Fernando Pessoa defenderá sua teoria por meio de apontamentos sobre a Arte inspirado no conceito aristotélico: a beleza, ao basear-se naquilo que é geral, no que agrada e é compreensível, revela-se como uma máquina inorgânica, artificial e apreciável. Para o autor, como já dito anteriormente, toda a Arte parte da sensibilidade, enquanto que, para o artista aristotélico, a sensibilidade está subordinada à inteligência, com o intuito de torná-la agradável (Bela) aos olhos de seu espectador, isto é, a arte não parte da sensibilidade e sim da inteligência.

Em seu entender, o poeta deve dominar subjugando o leitor, forçando-o a sentir o que ele sentiu. Ou seja, a ideia de força deve estar presente na arte não-aristotélica, baseando-se na sensibilidade que subjuga. Em virtude de a sensibilidade ser algo subjetivo, no sentido de que quando cada um sente, é em seu corpo particular que de fato “sente”, através da sensação – compreendida aqui como força – é possível agir diretamente sobre o corpo de cada leitor. Aquele que escreve deve se valer da sensação para tentar fazer com que o outro sinta aquilo que ele pretendia passar, mas por tratar-se de uma unidade espontânea e orgânica, natural, é certo que ela pode ser ou não sentida pelo leitor. Mas o que importa a ele é a ideia de que o artista não- aristotélico torna-se “um foco emissor abstracto sensível”, que domina o outro

pela força. De acordo com tal proposta, as forças do poema e do poeta concentram-se na intensidade de suas sensações.
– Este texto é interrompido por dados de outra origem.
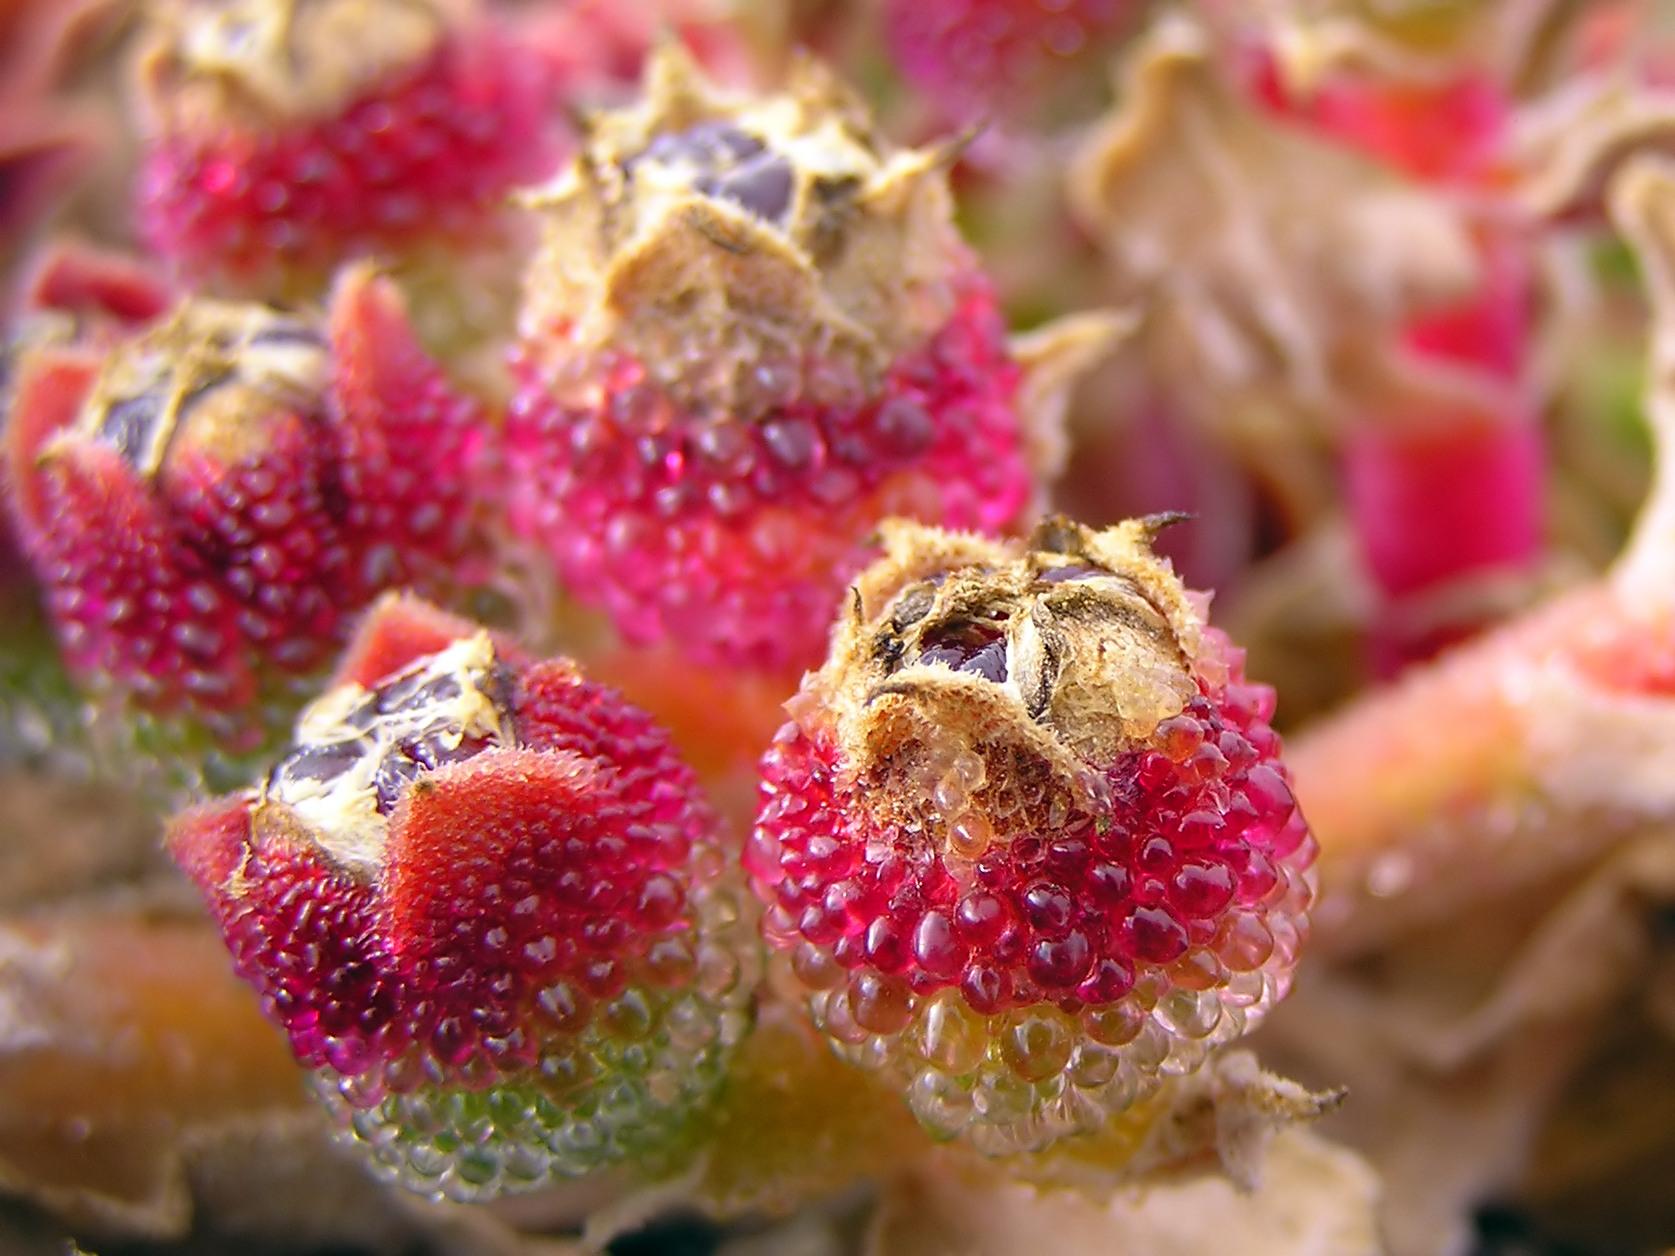 Unk_desert_flower_3.jpg

O filósofo Gilles Deleuze, em seu livro acerca do pintor Francis Bacon, trabalha a questão da sensação de um modo muito aproximado àquele que vemos em Pessoa. Para ele, cabe à arte antes apresentar forças do que “representar formas”. Sua lógica da sensação irá assim trabalhar justamente no sentido de uma arte que aciona forças:

Como poderia a sensação voltar-se suficientemente sobre si mesma, distender-se ou contrair-se, para captar, naquilo que nos dá, as forças não são dadas, para fazer sentir forças insensíveis e elevar-se até suas próprias condições? (DELEUZE, 2007, p.62)

Para Deleuze, o ritmo de uma obra residirá justamente nos movimentos de sístole e diástole, contração e distensão, de que seus elementos internos seriam portadores. O ritmo, dirá ele, é uma força básica, que se faz presente em todas as artes e é através dele que o espectador vivencia a obra.

Não é dessa forma que a linguagem de Fernando Pessoa se apresenta? A estética da foça de Campos baseia-se na dinâmica de expansão e contração que é capaz de fazer um poema respirar, assim como um corpo vivo. Desse modo, o poeta poderá forçar o leitor a sentir as coisas de forma diferente, forçá- lo a ter novas sensações. Fernando Pessoa, ao narrar o processo de criação sensacionista, nos mostra como nos apropriar dessas forças para a construção poética. Podemos pensar aqui no processo de intelectualização da sensação que Pessoa irá propor: através desse processo, consegue-se extrair a força que se fará presente no poema. Veremos essas questões mais adiante.